Another emerging threat is “dependency confusion,” a technique where attackers upload packages with the same name as internal dependencies used by private organizations. If the package manager is misconfigured, it downloads the malicious public version instead. This method has been used in several high-profile breaches.
What organisations can do
To defend against these attacks, organisations must rethink their approach to trust. It is no longer enough to assume that packages from public registries are safe.
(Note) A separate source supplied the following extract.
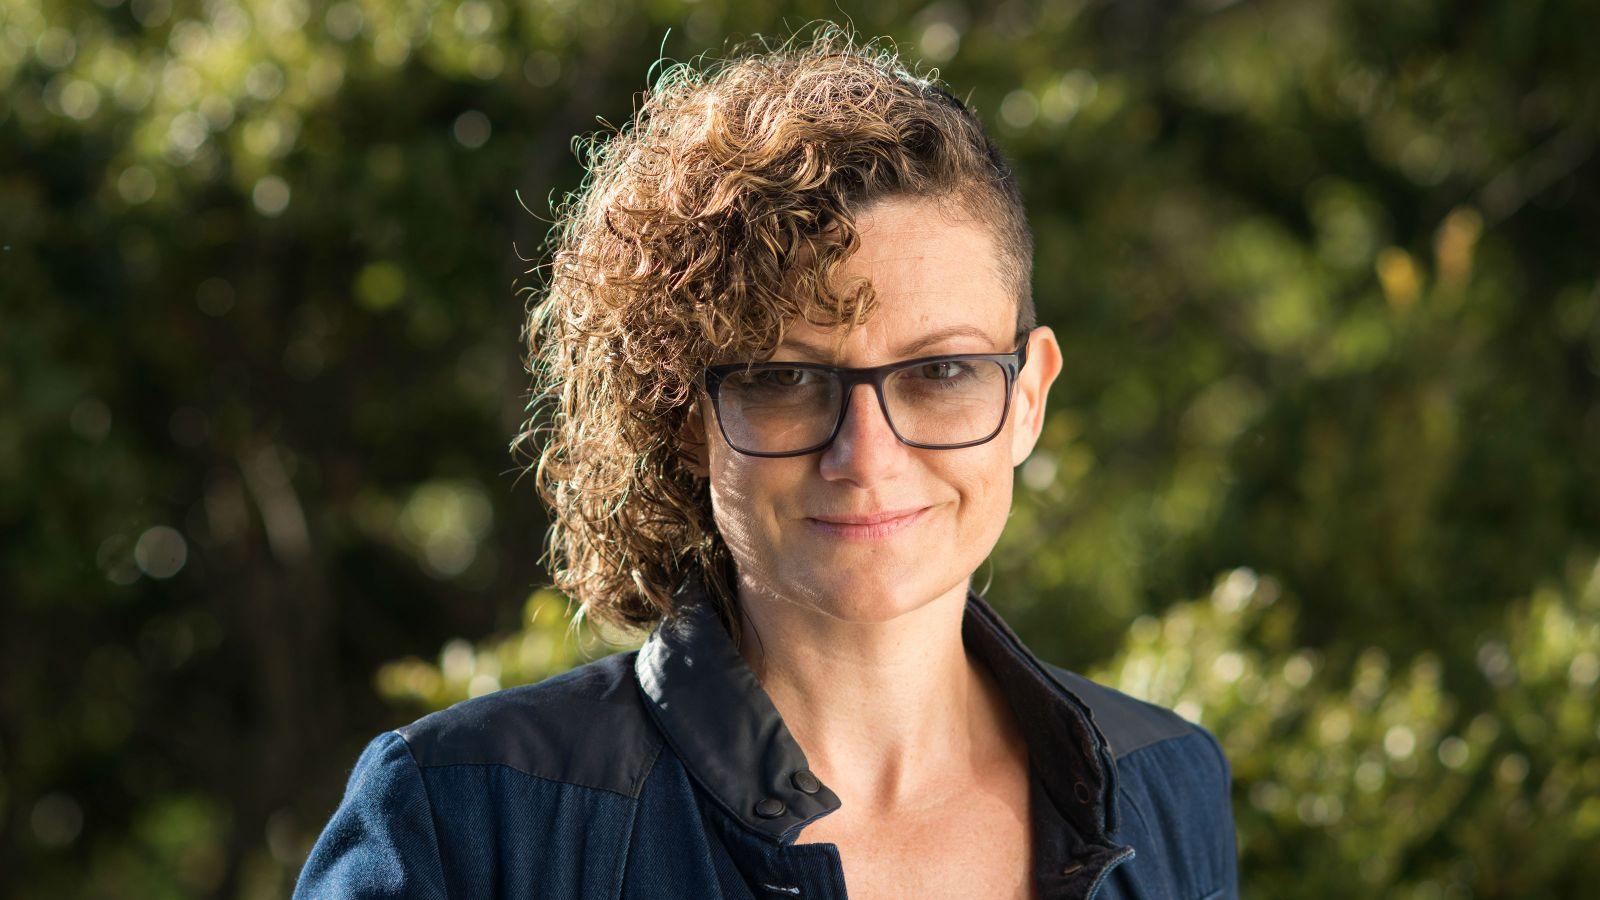 locational photo of Linda Wilkin-Krug on the Kelburn Campus
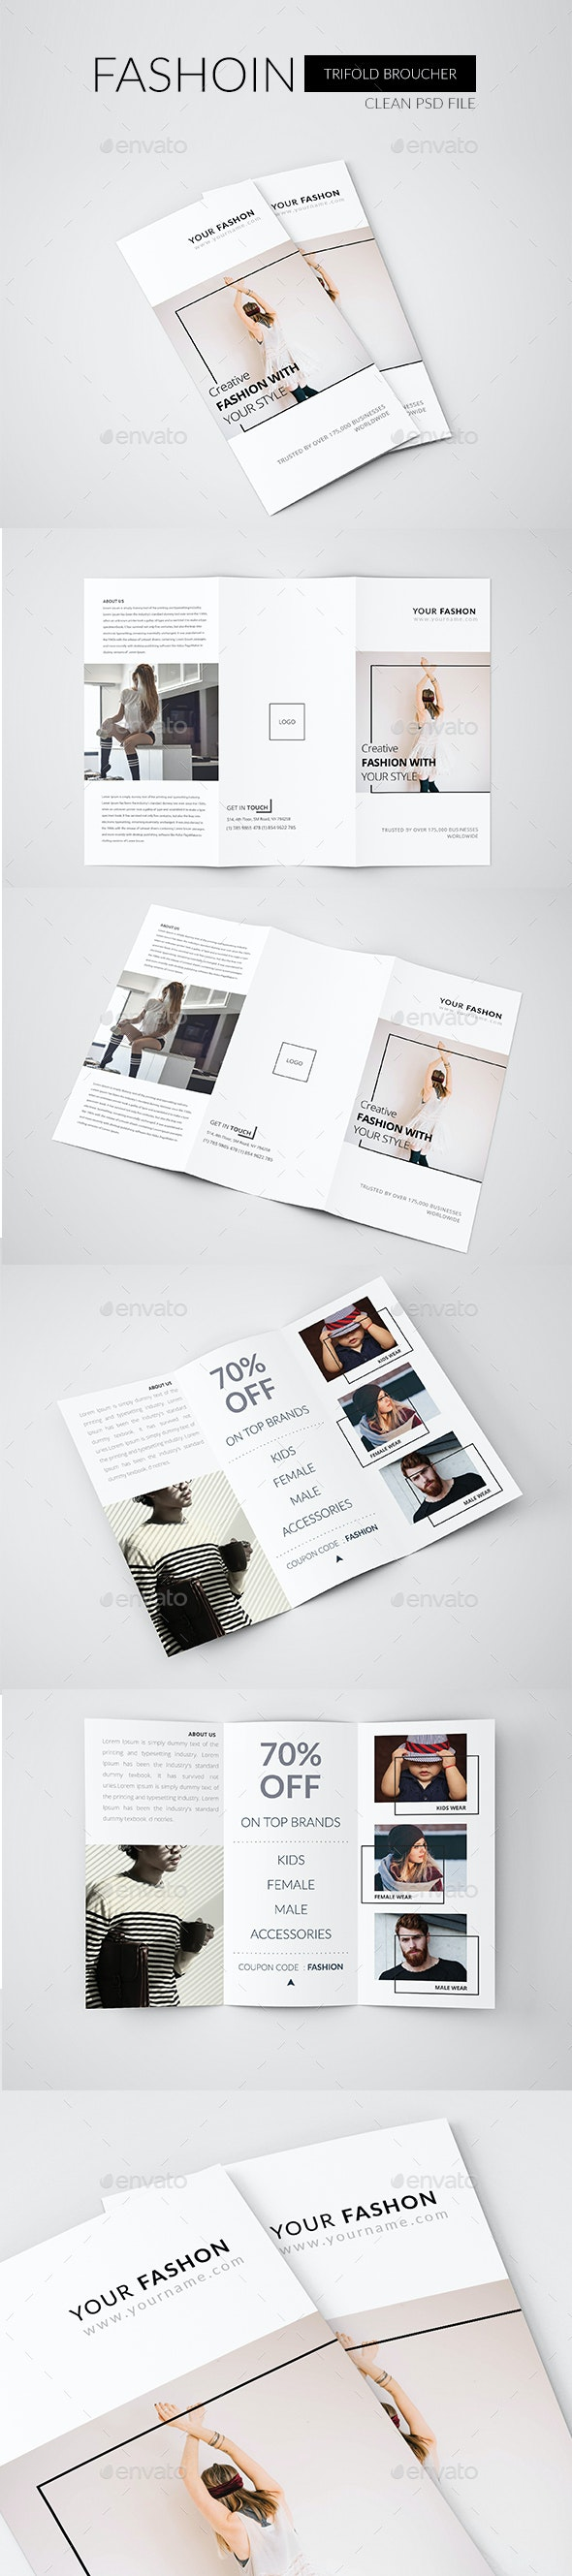 Fashion Trifold Brochure - Brochures Print Templates

Several measures can mitigate risk:
- Implement software composition analysis (SCA): Tools that scan dependencies for known vulnerabilities and malicious patterns.
- Use private registries: Maintain curated mirrors of approved packages to reduce exposure to newly uploaded malicious versions.
- Enforce code signing: Require that all packages come with a verified digital signature from their publisher.
- Isolate build environments: Run CI/CD pipelines in sandboxed containers with restricted network access.
- Human oversight of AI agents: Review all code and package installs suggested by AI tools before deployment.
- Monitor for behavioral anomalies: Detect unusual outbound network connections or file modifications that may indicate a compromise.
Furthermore, the industry as a whole needs to shift its mindset. As one security bulletin observed, “legitimate” is not the same as “safe.” Platforms like npm, PyPI, and even AI chat services must implement proactive measures such as automated malware scanning, reputation scoring, and rapid takedown procedures. Users, in turn, must adopt a default posture of skepticism, treating every package installation as a potential security event.
The recent campaigns underscore that the weakest link in the security chain is often human nature: our tendency to trust what is familiar and widely used. Attackers are exploiting that trust systematically. Until the software ecosystem adapts, these attacks will only grow in frequency and sophistication.